Con el paso del tiempo, el mito creció. Se dijo que el Conservador de Bienes Raíces de Talca había inscrito la escritura, aunque hasta hoy no hay constancia formal de aquel asiento en los registros. Fuera de los archivos, la propiedad nunca tuvo respaldo legal.
Más aún, trece años después del acto, el Tratado del Espacio Exterior de 1967 prohibió expresamente que países o particulares reclamaran soberanía sobre cuerpos celestes. La Luna, desde entonces, quedó como patrimonio común de la humanidad.
La leyenda alcanzó su punto más alto en 1969, cuando el Apolo 11 se preparaba para llegar a la superficie lunar. Según el propio Gajardo, el presidente estadounidense Richard Nixon le habría escrito para pedir autorización para que sus astronautas aterrizaran en “su propiedad”. Él, en respuesta, concedió el permiso en nombre de Jefferson, Washington y el poeta Walt Whitman.
Nunca se encontraron pruebas de aquella carta, pero la anécdota sobrevivió y se volvió inseparable de la historia del “dueño chileno de la Luna”. Más aún, cuando la historia describía este hecho como parte de la historia nacional e internacional.
Un legado para el pueblo con la Luna
Jenaro Gajardo murió el 3 de mayo de 1998, pero antes dejó un último gesto poético: legó la Luna al pueblo de Chile en su testamento.

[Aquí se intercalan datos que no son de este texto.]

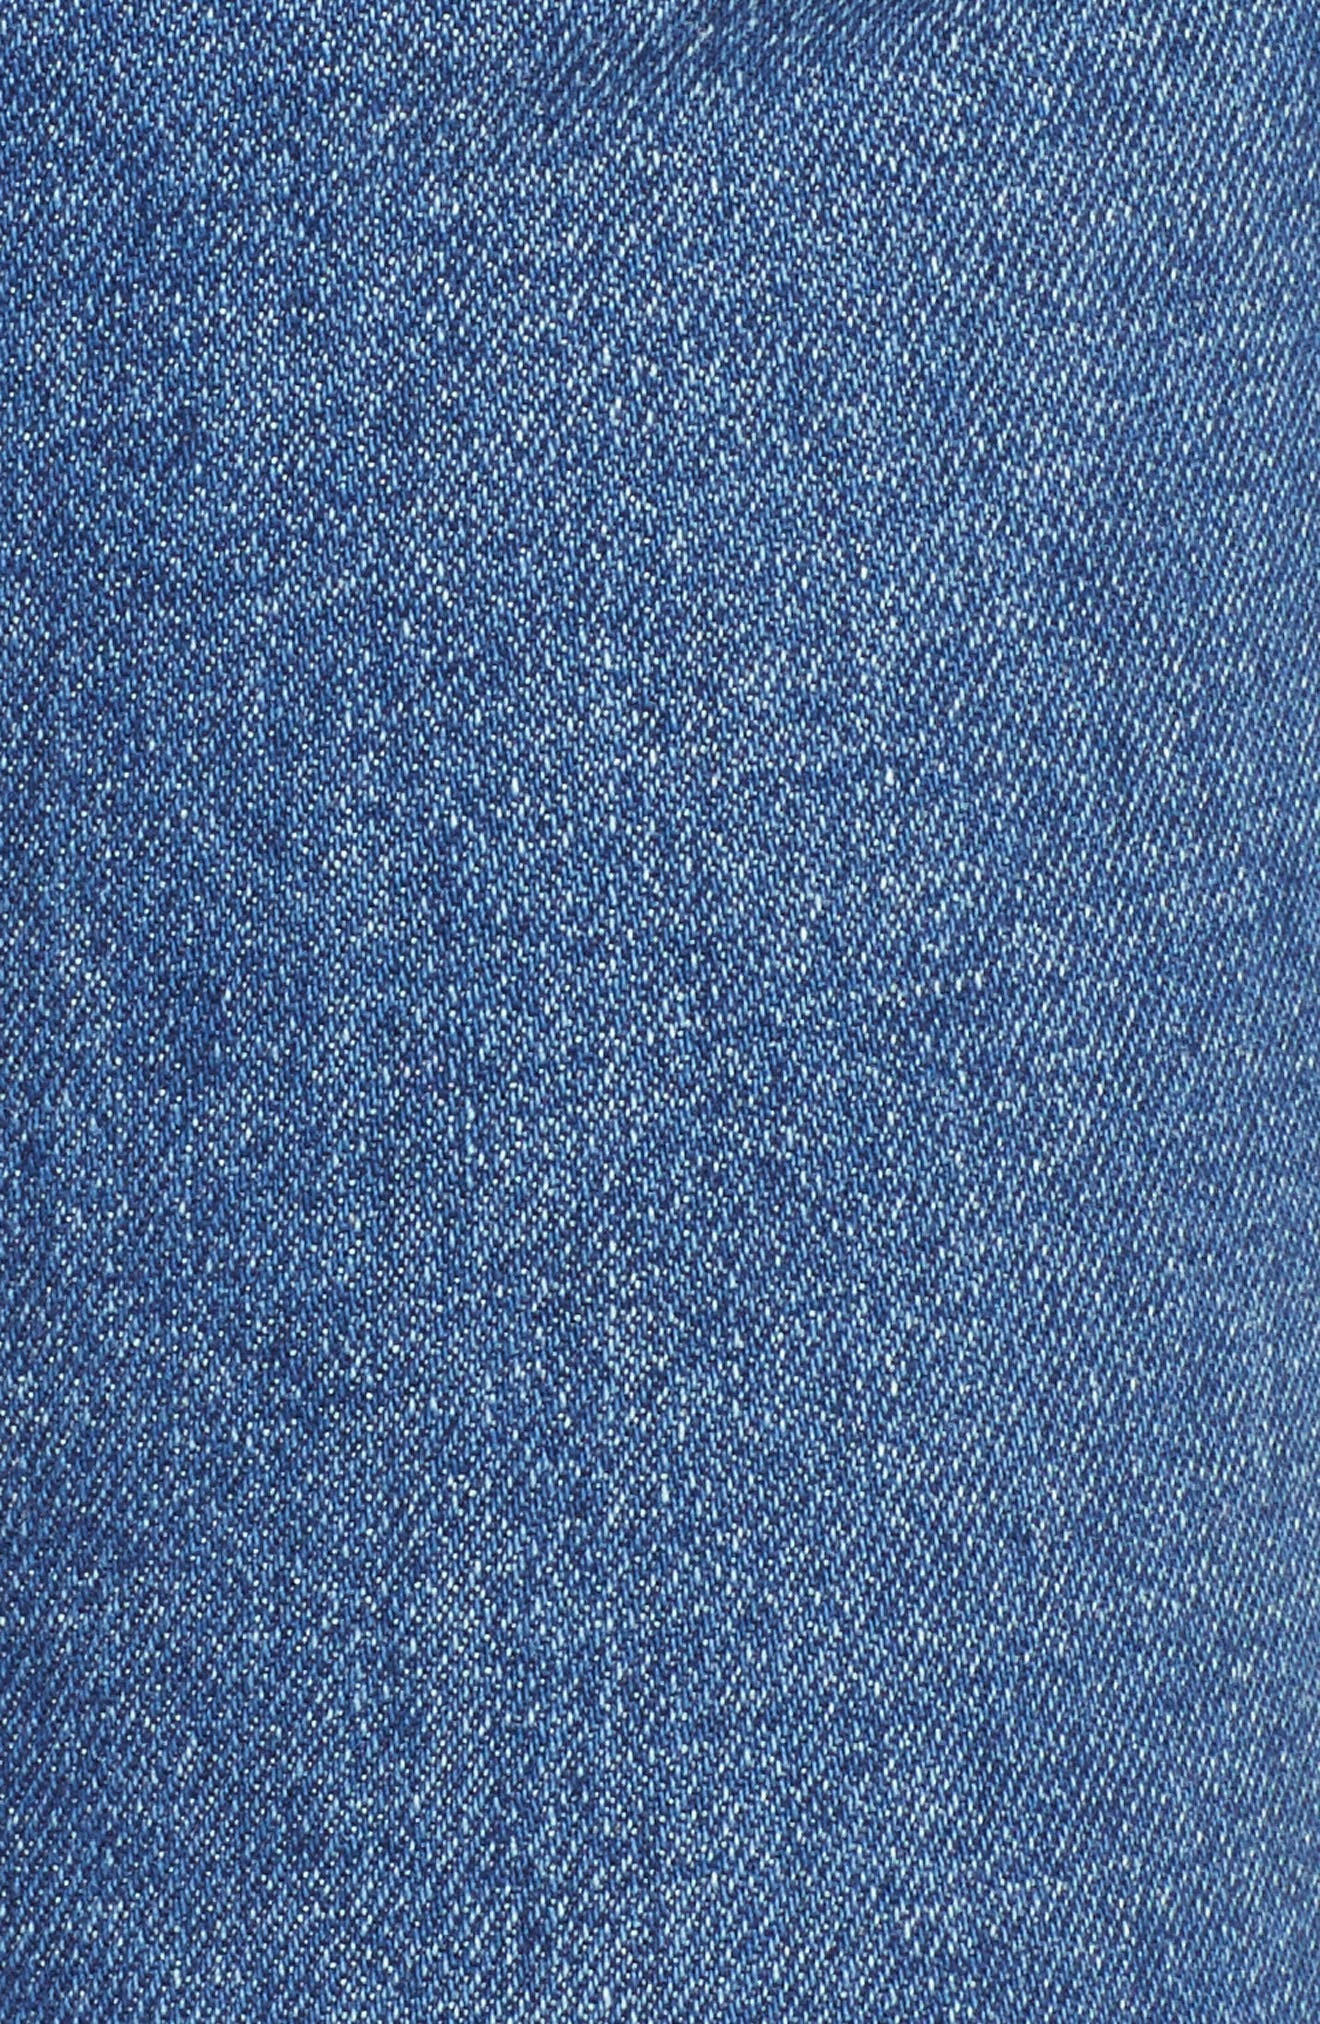 Izzy High Waist Slim Crop Jeans,                             Alternate thumbnail 6, color,                             400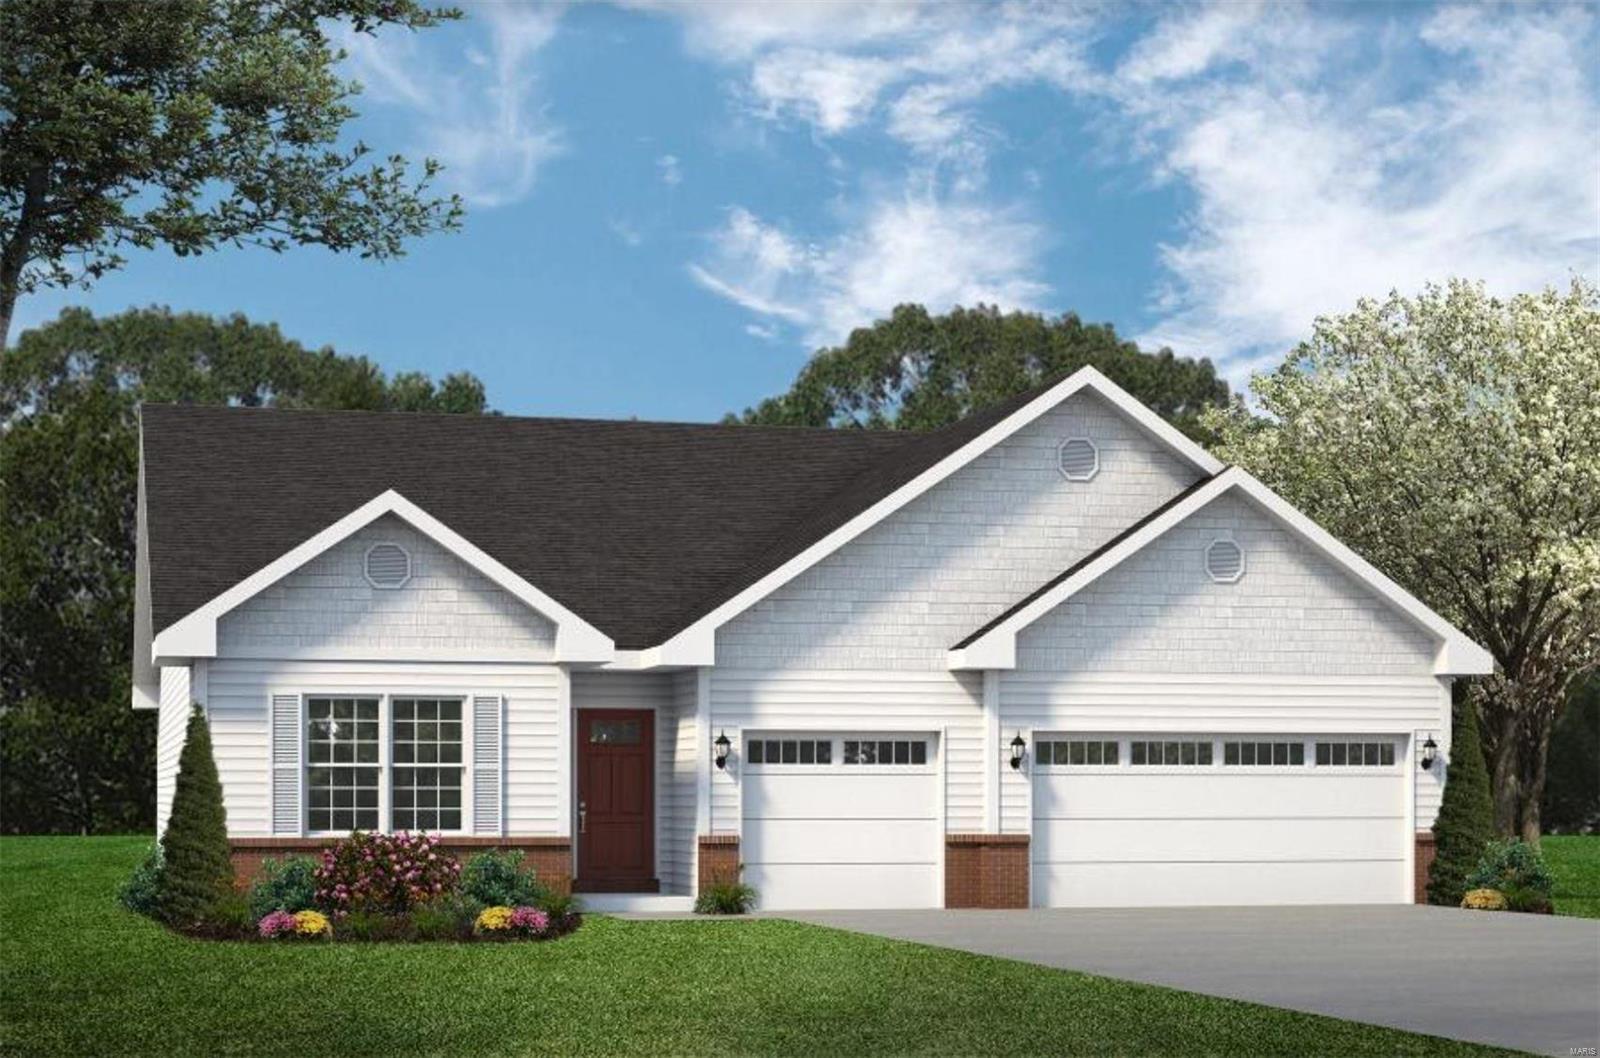 117 Garrettford Property Photo - Bethalto, IL real estate listing

Así, aquella ocurrencia que comenzó como una mezcla de ingenio, osadía y poesía terminó convertida en parte de la memoria colectiva.
Hoy, a 71 años de la inscripción que desafió las fronteras de lo posible, la historia sigue siendo recordada en efemérides, artículos culturales y charlas académicas. No tanto por su validez jurídica, que nunca existió, sino por lo que simboliza: la capacidad de un hombre de mirar el cielo y atreverse a reclamarlo, aunque fuera con tinta y papel.
En tiempos en que la humanidad sueña con colonizar Marte y construir bases lunares, la figura de Gajardo emerge como recordatorio de que la imaginación puede ir tan lejos como los cohetes. Al fin y al cabo, ¿qué otra nación puede presumir que, alguna vez, un compatriota se proclamó dueño de la Luna?